Она ласково заставила его встать. — Попытайся запомнить, дайаден.
Он встал, слегка покачиваясь. Его зрачки так расширились от страха и смятения, что глаза из голубых стали почти черными. Она уговорила его сделать один шажок, потом еще один, но на этом его мужество иссякло, и он упал на колени. Ишбель снова закрыла лицо руками, зарыдав, и Изабо раздраженно обернулась к ней.
— Мама, почему бы тебе не подойти и не помочь мне? Подойди и покажи ему, как это делается.
— Я не могу видеть его таким, — причитала Ишбель.
— Что толку лить слезы? — вспылила Изабо. — Он так долго был конем, что просто не помнит, как люди ходят. Мы должны снова научить его этому.
Ишбель вытерла лицо платком и подошла к Хан’гараду, пытаясь помочь ему подняться. Они вместе помогли ему перейти комнату. Он закусил губу, плечи сгорбились.
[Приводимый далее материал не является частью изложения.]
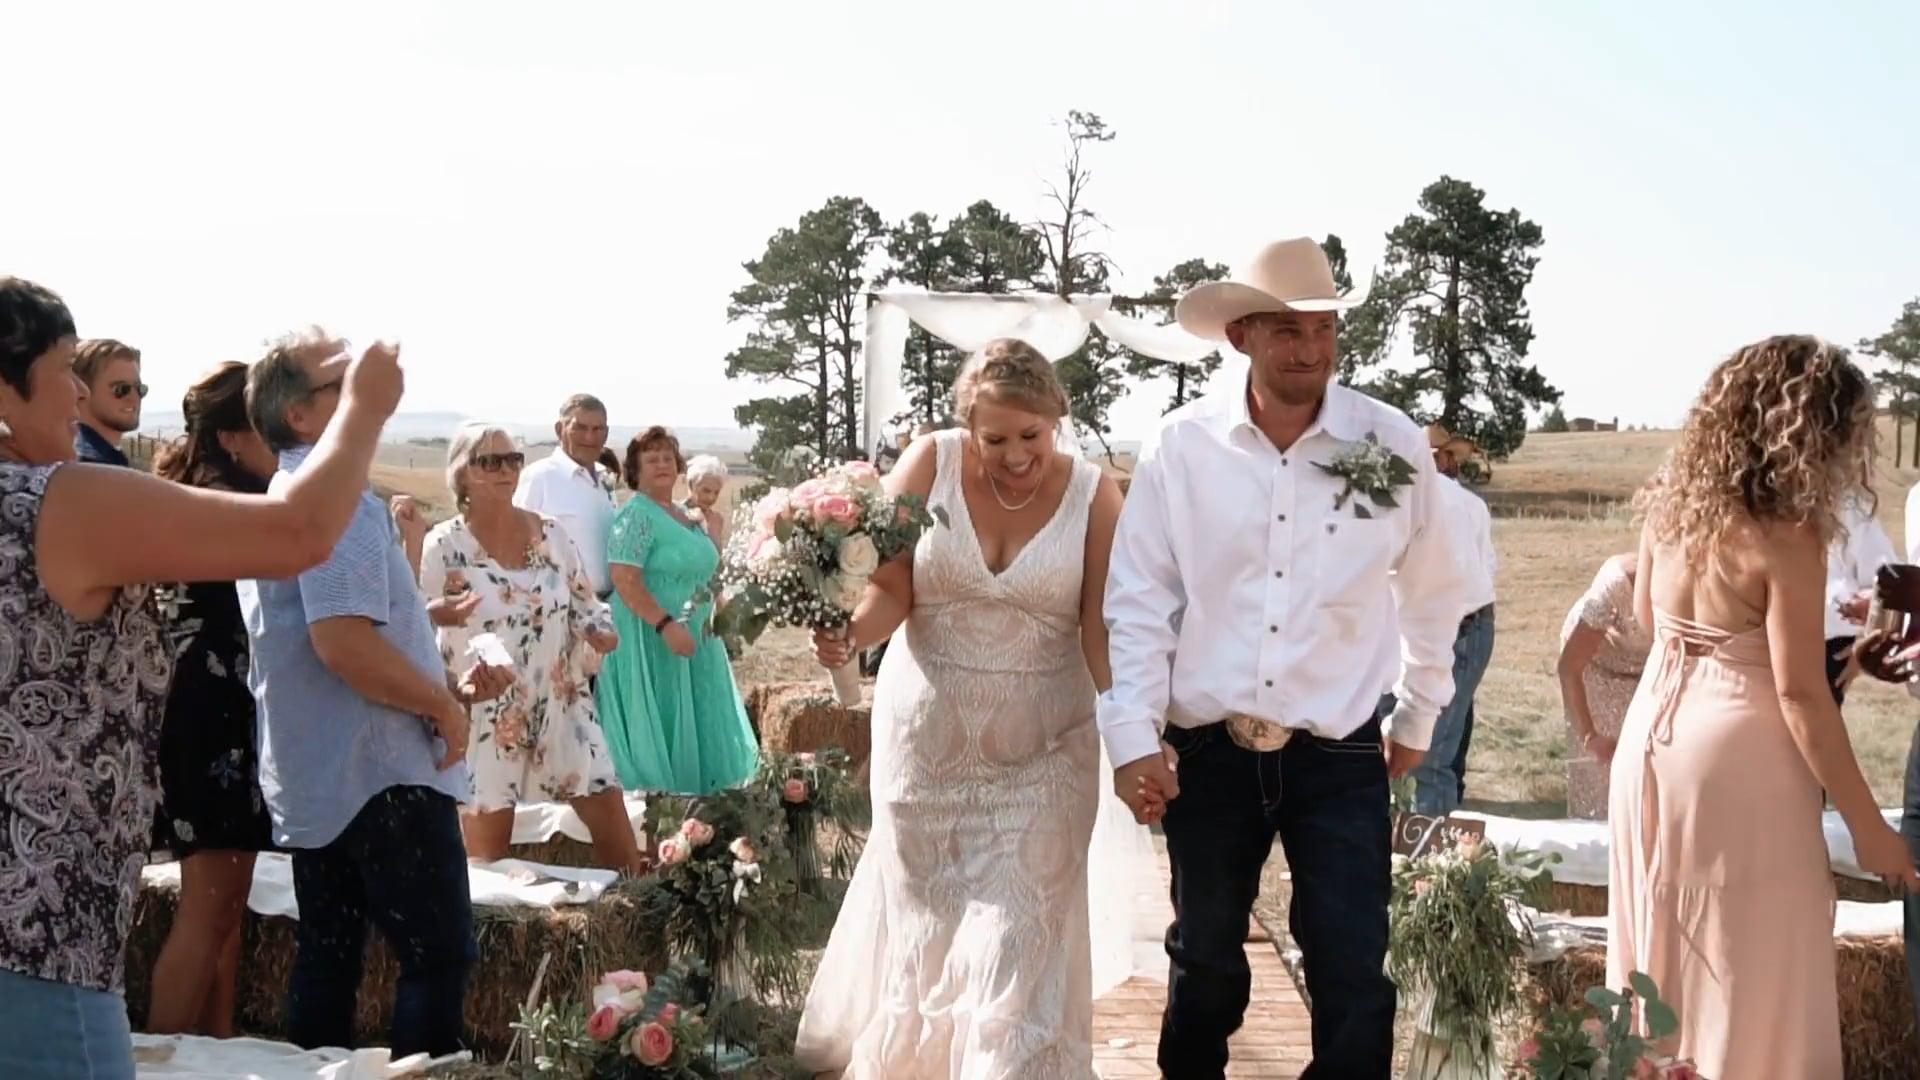 Mikinsie & Dustin's Colorado Springs Wedding Ceremony

— Выпрямись, дайаден! — Изабо взяла его за плечи и распрямила их. — Помни, что ты Шрамолицый Воин и должен ходить гордо!
Казалось, впервые за все время ее слова проникли в его затуманенный разум, и он выпрямился, откинув со лба волосы, и пошел, как человек.
— Хорошо, хорошо! — закричала Изабо, а Бронвин захлопала в ладоши. Изабо подвела его к столу и помогла сесть, вложив в руку ложку. Она выпала у него из пальцев, и Изабо снова вложила ее. На этот раз ему удалось кое-как удержать ее, и она передала ему свою миску с кашей, уже остывшей и загустевшей. Придерживая его пальцы своими, она попыталась зачерпнуть каши, но у него ничего не выходило. В конце концов он раздраженно отшвырнул ложку и, схватив пригоршню каши, отправил ее в рот, проглотив прежде, чем Изабо успела остановить его.
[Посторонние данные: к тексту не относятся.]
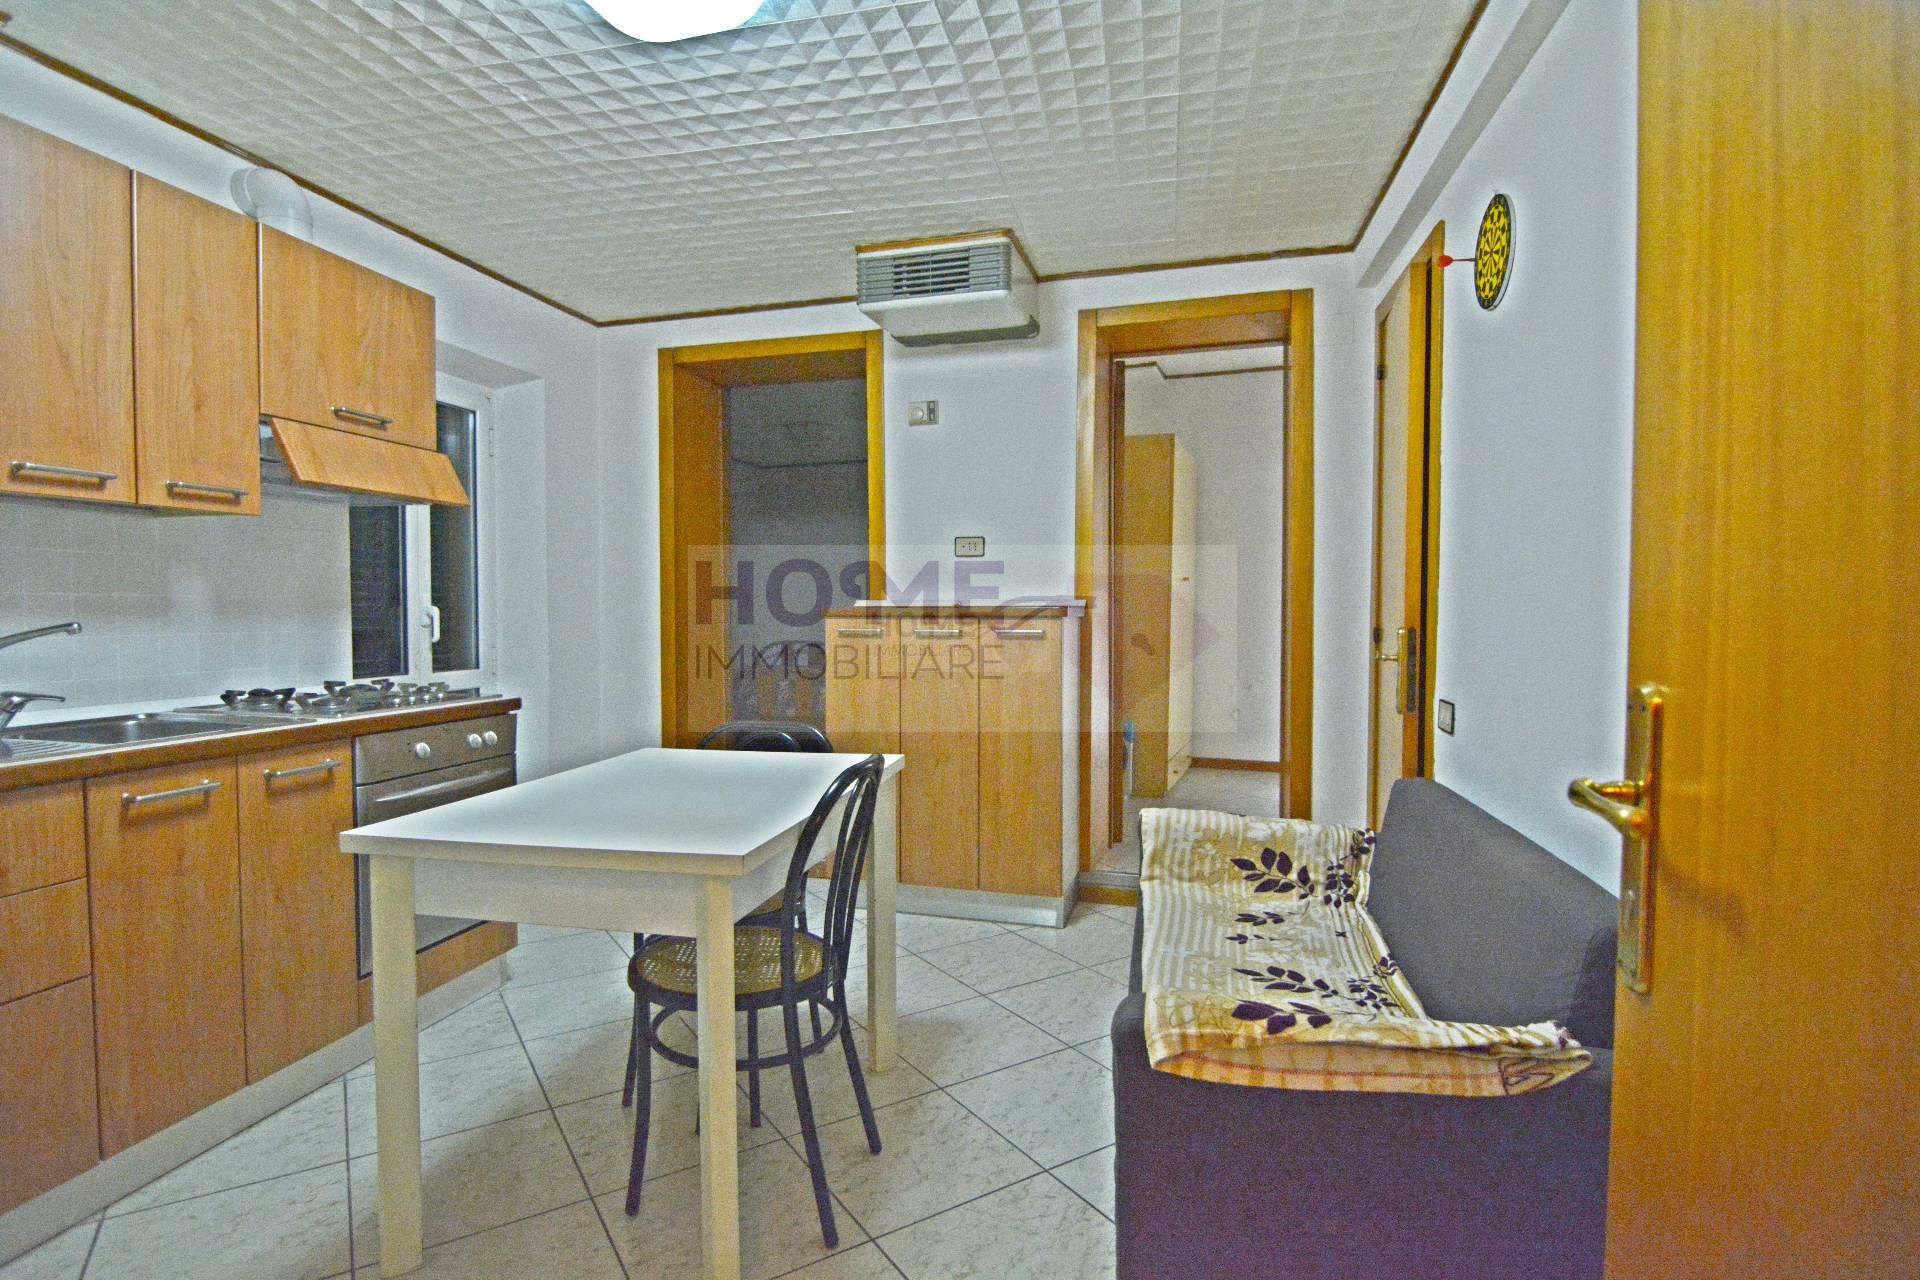 Appartamento, 50 Mq, Affitto - Macerata (Macerata)

Когда она снова попыталась заставить его взять ложку, он в ярости вскочил, перевернув свой стул, но споткнулся и рухнул на колени. Так он и стоял, что-то бурча от досады.
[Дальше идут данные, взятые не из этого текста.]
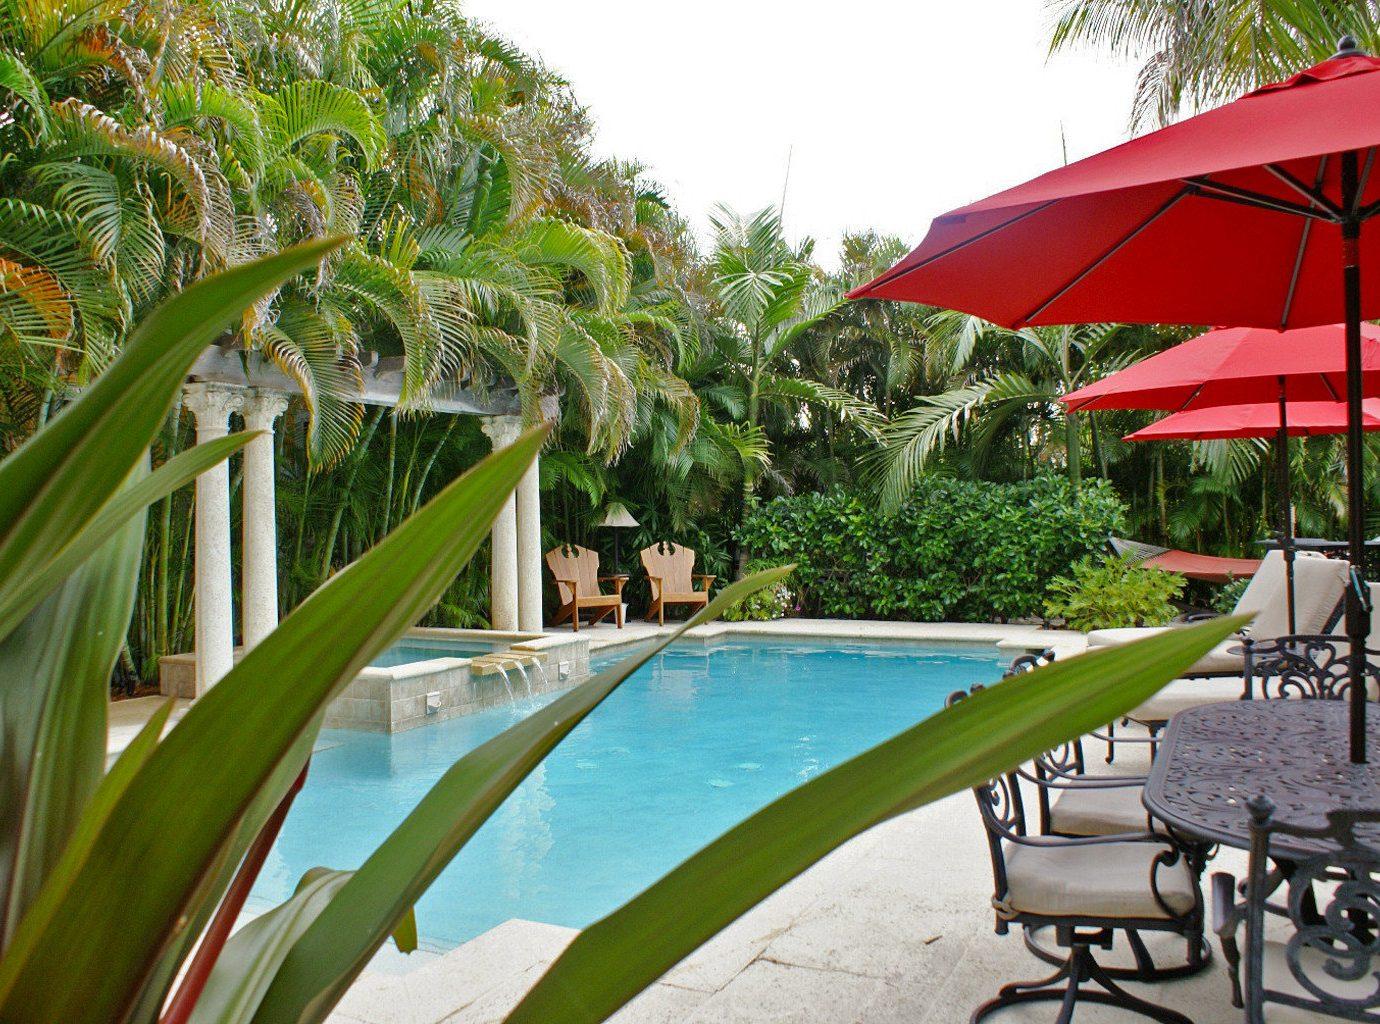 Lounge Luxury Pool tree chair umbrella leisure plant Dining Resort arecales green swimming pool tropics lawn backyard Villa caribbean sunny flower palm shade set accessory

Ишбель присела рядом с ним, погладила его волосы и сказала:
— Ничего страшного, милый, ничего страшного.
Изабо склонилась над ним и снова потянула его на ноги.
— Попытайся еще раз, дайаден !
— Ты что, не видишь, что он не может этого сделать? Оставь его в покое!
— Если я оставлю его в покое, он останется таким навсегда. — Изабо раздраженно напустилась на мать. — Может, тебя устраивает муж, который тычется лицом в миску, чтобы поесть, и бегает на четвереньках, как животное, но меня не устраивает такой отец! Я хочу, чтобы у меня был нормальный отец.
Хан’гарад попытался что-то сказать, но его рот только кривился, издавая вместо слов какое-то сдавленное ржание. Одна рука поползла вверх, остановившись на груди.
Изабо изумленно застыла, потом медленно, четкими жестами Хан’кобанов сказала:
— Постарайся, отец, постарайся. Я клянусь, мы снова научим тебя быть человеком, но ты должен стараться.
— Я человек! — ответил он выразительным жестом.
У Изабо загорелись глаза, поскольку ей никогда раньше не приходило в голову поговорить с ним на его родном языке. Обозвав себя тупицей, она улыбнулась и протянула ему руку, и он снова с трудом поднялся на ноги.
Утро уже перешло в день, когда Изабо, наконец, удалось уговорить отца съесть немного каши при помощи ложки, неуклюже зажатой в его большой руке. Это очень напомнило ей Бронвин в младенчестве, и она с улыбкой взглянула на девочку. Малышка немедленно оторвалась от своих игрушек, улыбнувшись в ответ. Изабо наклонилась и взъерошила ей волосы, прямые и блестящие, точно черная шелковая занавеска, с серебристо-белой прядью слева надо лбом.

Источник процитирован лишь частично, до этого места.